Fanciulla

In between these puzzling mistakes (for this is a talented production team, as they showed with their Simon Boccanegra), there’s a nice enough setting for Act 2, with Minnie’s cabin, open to us courtesy of the Fourth Wall, perched among the pines on the mountainside. There’s even some snow falling. But here, where the indoor/outdoor contrast really moves in on the action, the production brings us only a token naturalism. JK and Eva-Maria: When you step out the door, it’s cold out there! And gosh, don’t leave that door just hanging open! Cozy inside, bitter cold outside! Big wind! And if we’re going to do snow—as we must, this is a storm—let’s do it! Wind and snow, wounded guy, gal in nightgown! Some oh, so gentle flakes and a little swirl with the dear old wind machine won’t get there!  Might as well not have bothered! Major conditioning factor out the window, as it were! Sad!

I know: all this notwithstanding (but who else is going to write about all the foregoing? who? it’s my job), the fate of Fanciulla finally rides on its vocal and orchestral realization. Even granting the nearly determinative efforts of great tenors from Caruso on, this is really Minnie’s show. She has the most to sing, and is the most fully developed character. Despite the precedents of Destinn, an assoluta with dramatic capacities, Jeritza (a Santuzza and Brünnhilde, though the latter perhaps not advisedly), and Tebaldi, according to her own definition a big lyrico-spinto and by some distance the best recorded Minnie, the part does not require a dramatic soprano. A full, well-supported lyric voice with firmness and strength in the lower-middle range, deployed by a performer of feisty temperament and some acting smarts, can succeed in the role, as both Eleanor Steber (once she gets going), on the Florence recording, and Dorothy Kirsten, at the Met, demonstrated back in the day. (I) Westbroek’s voice is certainly sufficient in size, and of an attractive native timbre. But she’s an uneven singer: sometimes the tone is steady and well-gathered, but too often its vibrato turns wavery, and the center of the pitch is lost in the commotion. She is very careful about letting out the top, which at a couple of points seemed accident-prone, so she couldn’t quite take the full measure of the soaring phrases in “Laggiù nel Soledad” or the climactic end of Act 2. She’s an enjoyable stage personality, and I thought she had a good handle on the part as an actress, so I stayed engaged with her despite the vocal imperfections.

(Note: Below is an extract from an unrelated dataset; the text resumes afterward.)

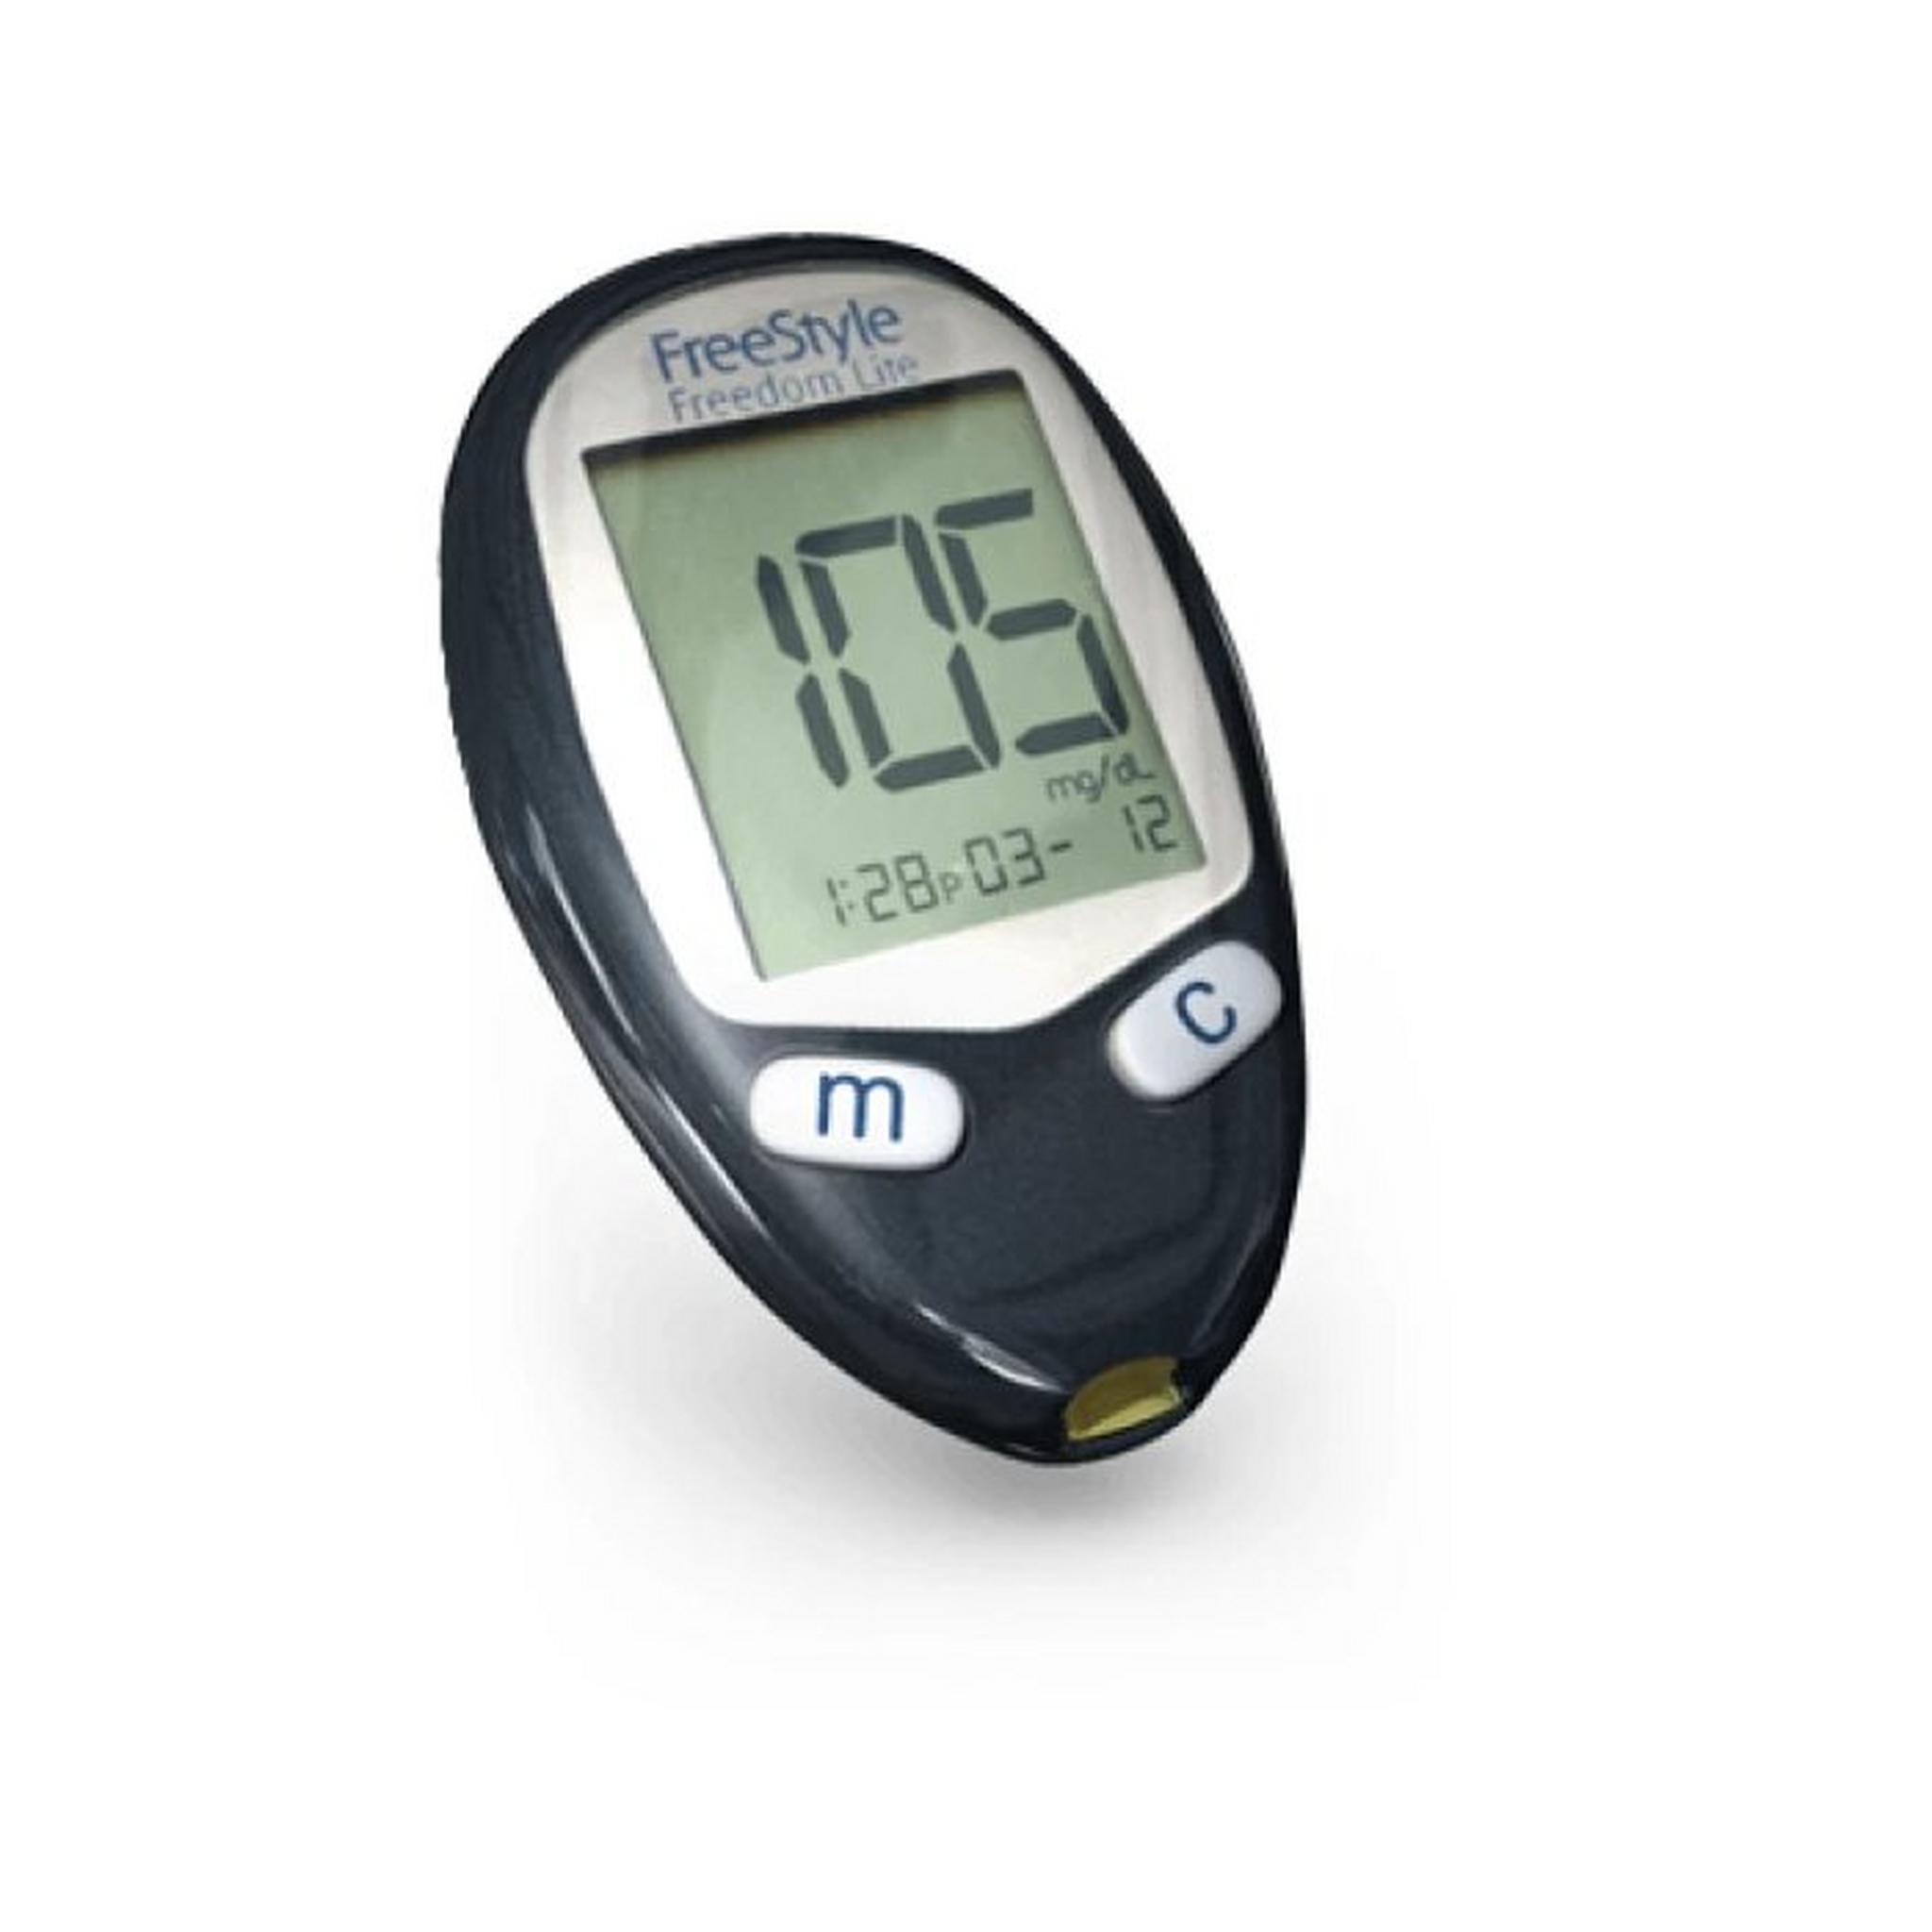 مجموعة جهاز قياس ضغط الدم على المعصم ار اس2 + جهاز استنشاق البخار يو100 مايكرو اير+ جهاز قياس السكر فري ستايل من اومرون ، NEU100E + HEM6161E + 7108770

To see the name of Zelko Lucic in your program is to predict a solid enough baritone presence, and try to be content with that. It’s as if you had admired and ordered a large, shapely sculpture for your front lawn or foyer, but to have found, on prying open the crate, only a mass of the raw material, greyish and lightly rough, from which the sculpture might have been hewn. It’s the right material, all right, and in sufficient quantity, but it bears only the lightest markings of the mallet and chisel that might have given it real form and beauty. In some of his more restrained moments, like the “Pietà, rispetto” in Macbeth, he’s shown he can fashion an elegant and expressive line, but too much of his time is spent in dragging his voice along behind him with no true life in the tone or true legato in the line. Of the several roles I have seen him do since his debut in Gioconda on the second night of the Gelb managership, I thought Rance was perhaps his best. Still, after some nice touches of a mournful loneliness in “Minnie, dalla mia casa,”and while avoiding the incessant “I’m bad, I’m bad” snarliness that is the stereotypical noise for the part, he did not find much of the conflicted, volatile soul that could bring interest to the prevailingly declamatory (and mostly brief) utterances that follow.

Footnotes

Footnotes
I Kirsten assumed the part when Leontyne Price fell ill on the first night of the 1961 production. Price had to cancel much of her season, and never got back to the role, which should have been a fine one for her.